1. Blood transfusions improve renal allograft survival rates, but may induce antibodies which are directed to class I major histocompatibility complex antigens and mediate hyperacute transplant rejection. A model to study the development of such antibodies was developed in inbred strains of rats.
2. The influence of transplantation antigens shared between an initial course of blood transfusions, given with cyclosporin A, and a subsequent antigenic challenge (blood transfusion), given without cyclosporin A, on alloantibody responses to class I major histocompatibility complex antigens was then investigated.

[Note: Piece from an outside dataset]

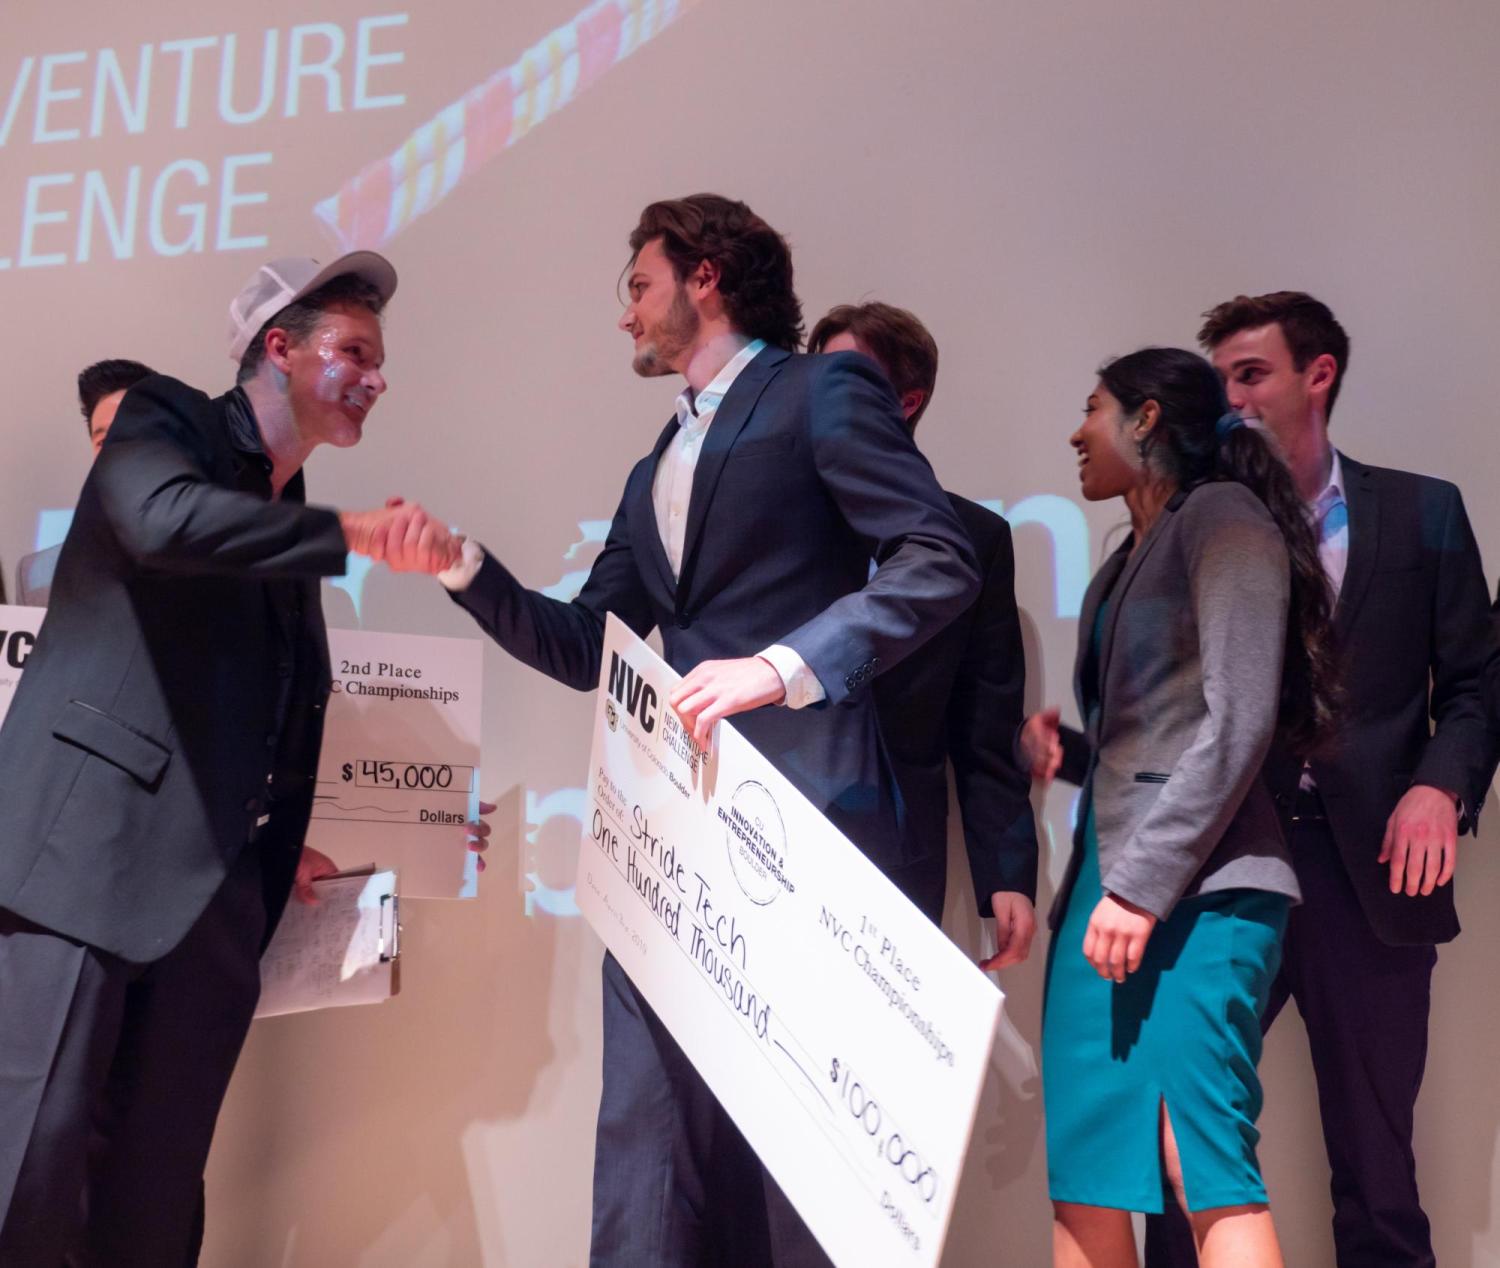 New Venture Challenge winners receive a giant check

3. Cyclosporin A administration prevented the development of alloantibodies to class I major histocompatibility complex antigens during the initial transfusion period.
4. After the challenge transfusions, alloantibody responses to class 1 major histocompatibility complex antigens were suppressed when class I major histocompatibility complex or minor histocompatibility antigens were shared between the initial and final transfusions.
5. This suppression only extended to third party class I antigens when minor histocompatibility complex antigens were shared between the initial and final transfusions. Sharing of class I or class II antigens had no effect on alloantibody responses to third party class I antigens co-expressed on the same cell.
6. These studies suggest that cyclosporin A given with blood transfusions may prevent clinical sensitization while permitting the development of suppressor activity, mediated by shared minor histocompatibility complex determinants, to a broad range of potential donor antigens.